Me and Flipside have kind of different approaches to the music business. Flip has all these dreams of hip hop stardom. When I dream, it´s of a house made of vinyl, with furniture made out of record decks, and my toothbrush is a tone arm. And I´ve got, like fifty arms so I can perform the most amazing scratching the world has ever seen. Then my mum comes in with a bucket of chicken as a reward for the multi-armed twiddling, and then there´s all these girls too - and they´re coming on to me. But it´s a bit awkward with my mum there and the girls just seem to want to mother me too, and I get kind of freaked out. So I try to run off, but I can´t because the records are all melting and I´m stuck in it, sinking down. And then Flip arrives to help me, but he´s not Flip, he´s Mr C out of The Shamen and he laughs at me as I´m sinking.
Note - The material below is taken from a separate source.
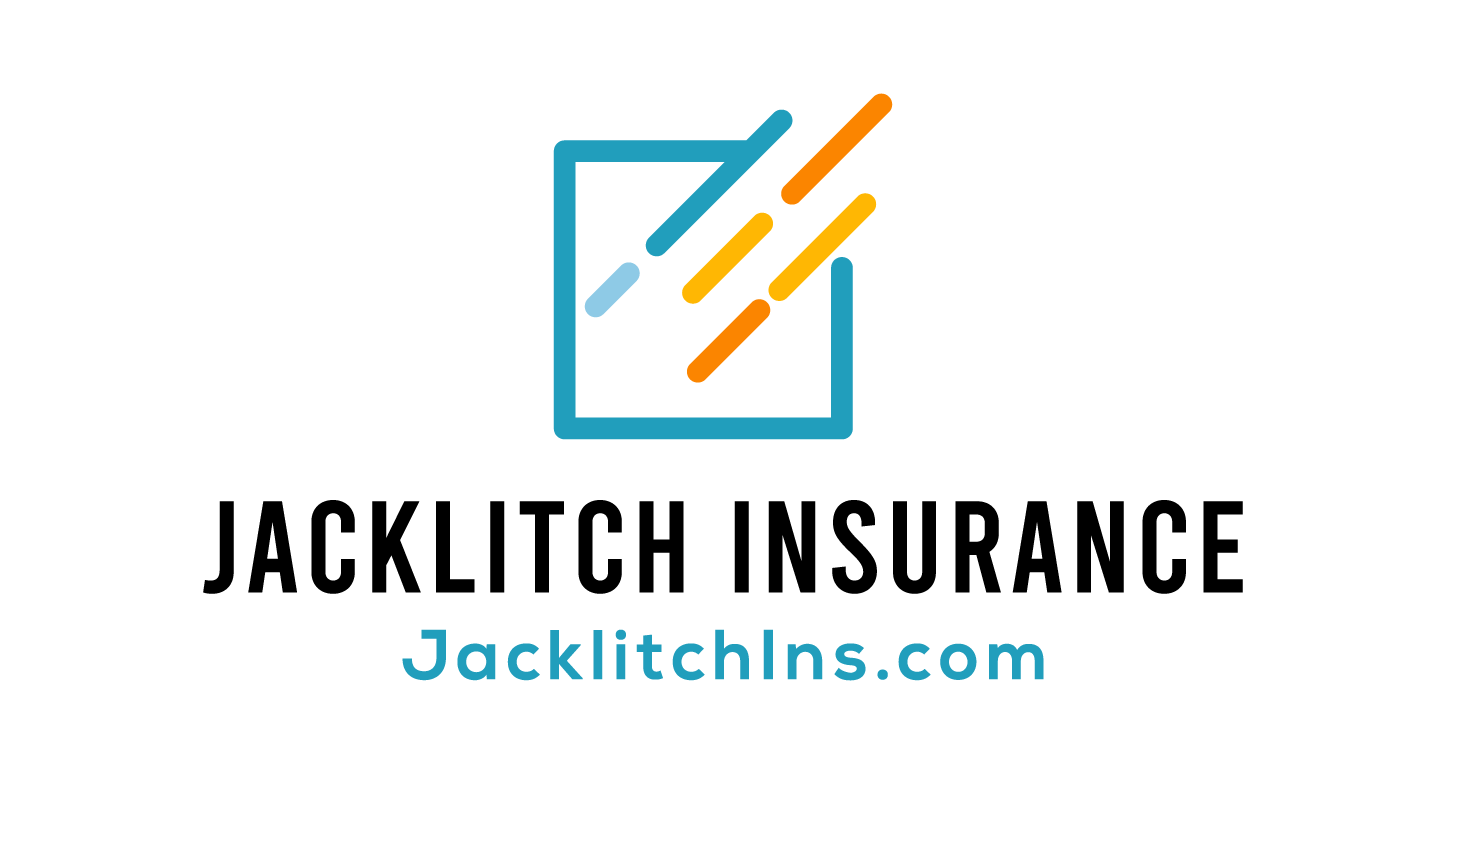 Jacklitch Insurance

And then the phone rings and it´s our manager Mr Brilliance telling me that he´s got us a gig promoting toilets or a company called Mr U-Bend, where we have to dress up as plumbing equipment and get heckled by toilet executives - and that´s when I know that I´ve woken up.
Flipside
Welcome to the church of Flipside - the man with the mouth on the mic. I live for my music, I am a rap zealot, a hip hop fun-da-mental-ist. One day soon the world is gonna discover my talent - and when it does it´s gonna be so hyped it´s gonna slam dunk itself through the rings of Saturn. And if I know anything about astrophysics - which I don´t - I´d say that might cause some localised weather problems, so you might want to pack a jumper.
I was an only child when I was a child. In fact I was the only only child I knew. And not only was I the only only child, I was only the only only child in the orphanage. Cos I didn´t have a mum or a dad neither, which I guess made me a lonely only child. But on the plus side I had Trexx, who is more than my bro - he´s my big bucketful of homeboy. And what with me being so attractive to the ladies, it´s helpful to have a sad story - if I didn´t make the honeys go misty-eyed, they might go blind from staring too hard at my good looks all day long.
So take a deep breath, tie yourself to the ground and secure the area - cos the Flip lick is comin´ your way and there ain´t nothin´ gonna stop it. Unless it´s past 8pm, cos I gotta get up early for my post round and I need a good night´s sleep. But prior to the 8pm watershed I just mentioned, it´s unstoppable. Get with the Flip - I´m gonna put the hop into hip.